Here, the innermost subquery first obtains the earliest reporting week record for each delivery week and ref combination. The qty associated with this minimum record is then subtracted from the qty associated with the other (non-minimum) records for the given delivery week and ref combination.

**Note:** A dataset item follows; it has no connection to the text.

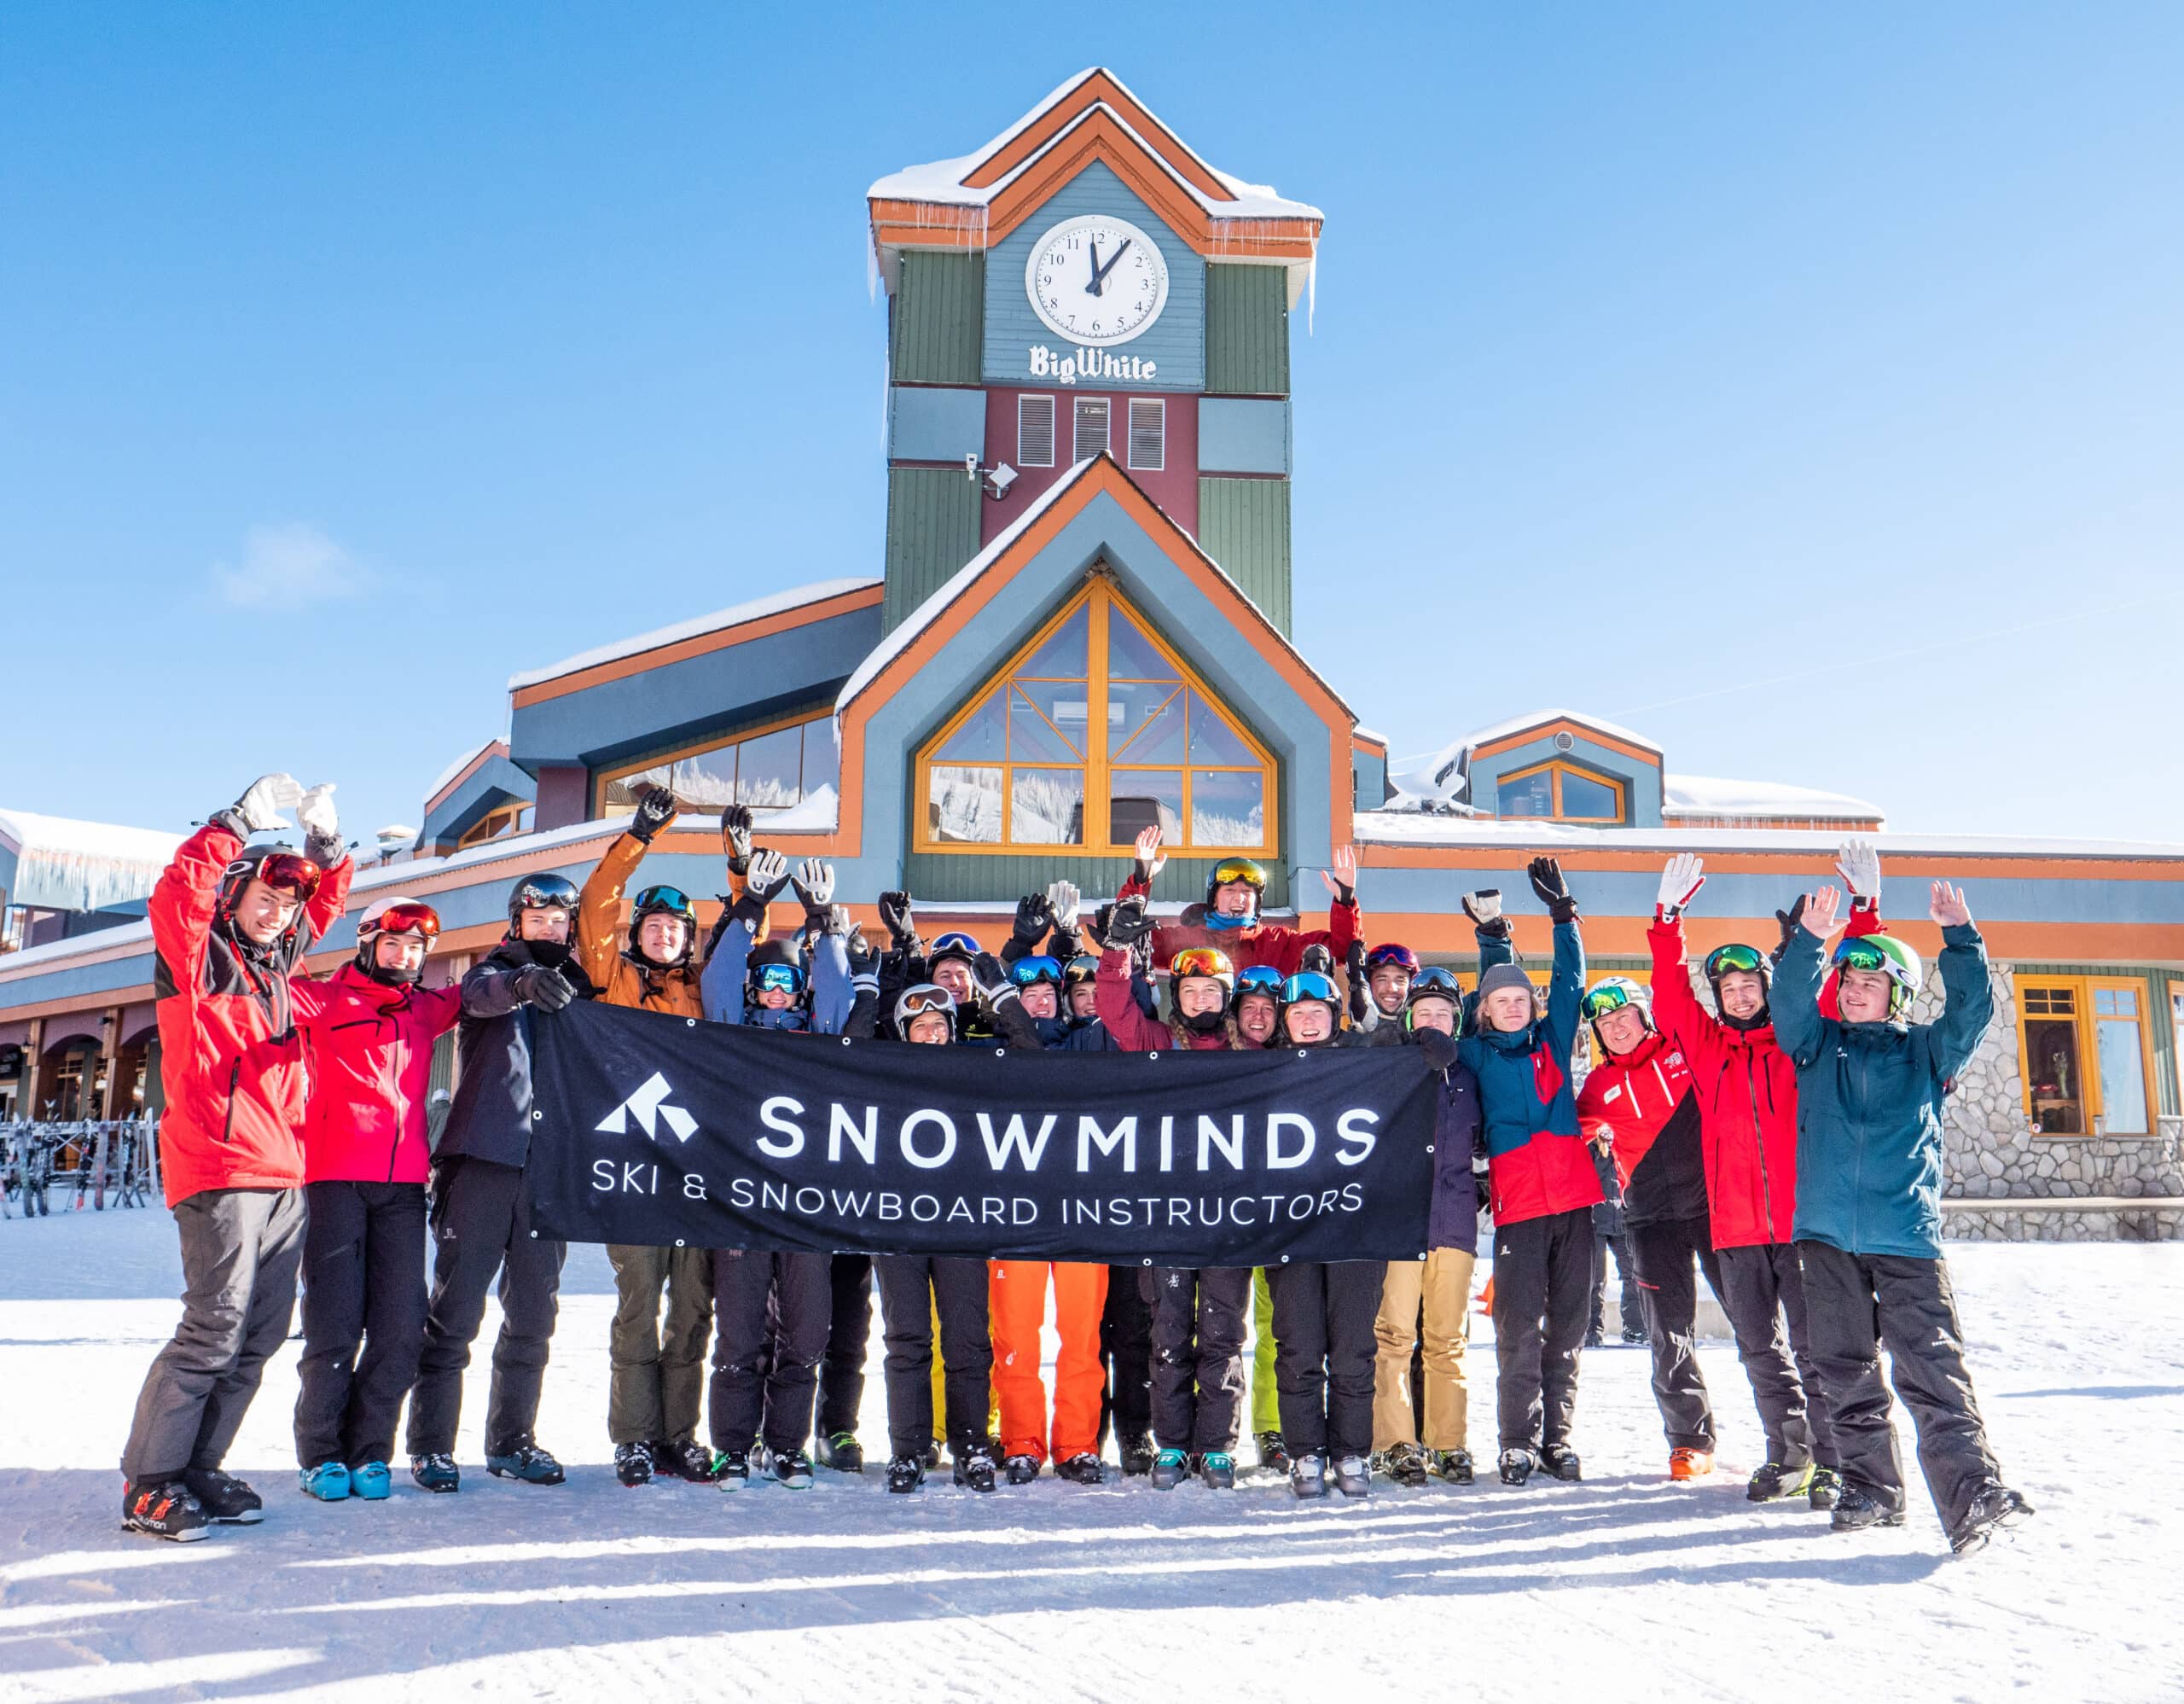 Bliv Skiinstruktør med Snowminds

或者,根据您的后续注释反转计算,您可以尝试以下操作:
Alternatively, reversing the calculation based on your subsequent comments, you could try the following:
select
t0.ref,
t0.[delivery week],
t0.qty - nz(t2.qty, 0) as qtydiff
from
(
tableofdelivery t0 inner join
(
select t.ref, t.[delivery week] as dw, max(t.[reporting week]) as rw
from tableofdelivery t
group by t.ref, t.[delivery week]
) t1 on
t0.ref = t1.ref and
t0.[delivery week] = t1.dw and
t0.[reporting week] = t1.rw
)
left join tableofdelivery t2 on
t1.ref = t2.ref and
t1.dw = t2.[delivery week] and
t1.rw > t2.[reporting week]
order by
t0.ref,
t0.[delivery week]
对于您提供的示例数据,
Which, for your supplied sample data:
+----------------+---------------+---------------+-----+
| reporting week | ref | delivery week | qty |
+----------------+---------------+---------------+-----+
| 2018-37 | DTR0000182433 | 2018-31 | 19 |
| 2018-41 | DTR0000182433 | 2018-31 | 20 |
| 2018-37 | DTR0000182433 | 2018-33 | 50 |
| 2018-41 | DTR0000182433 | 2018-33 | 13 |
| 2018-37 | DTR0000182433 | 2018-35 | 50 |
| 2018-37 | DTR0000182433 | 2018-39 | 100 |
| 2018-41 | DTR0000182433 | 2018-43 | 13 |
+----------------+---------------+---------------+-----+
产生以下结果:
+---------------+---------------+---------+
| ref | delivery week | qtydiff |
+---------------+---------------+---------+
| DTR0000182433 | 2018-31 | 1 |
| DTR0000182433 | 2018-33 | -37 |
| DTR0000182433 | 2018-35 | 50 |
| DTR0000182433 | 2018-39 | 100 |
| DTR0000182433 | 2018-43 | 13 |
+---------------+---------------+---------+
这篇关于摆脱重复记录和计算字段的文章就介绍到这了,希望我们推荐的答案对大家有所帮助,也希望大家多多支持IT屋!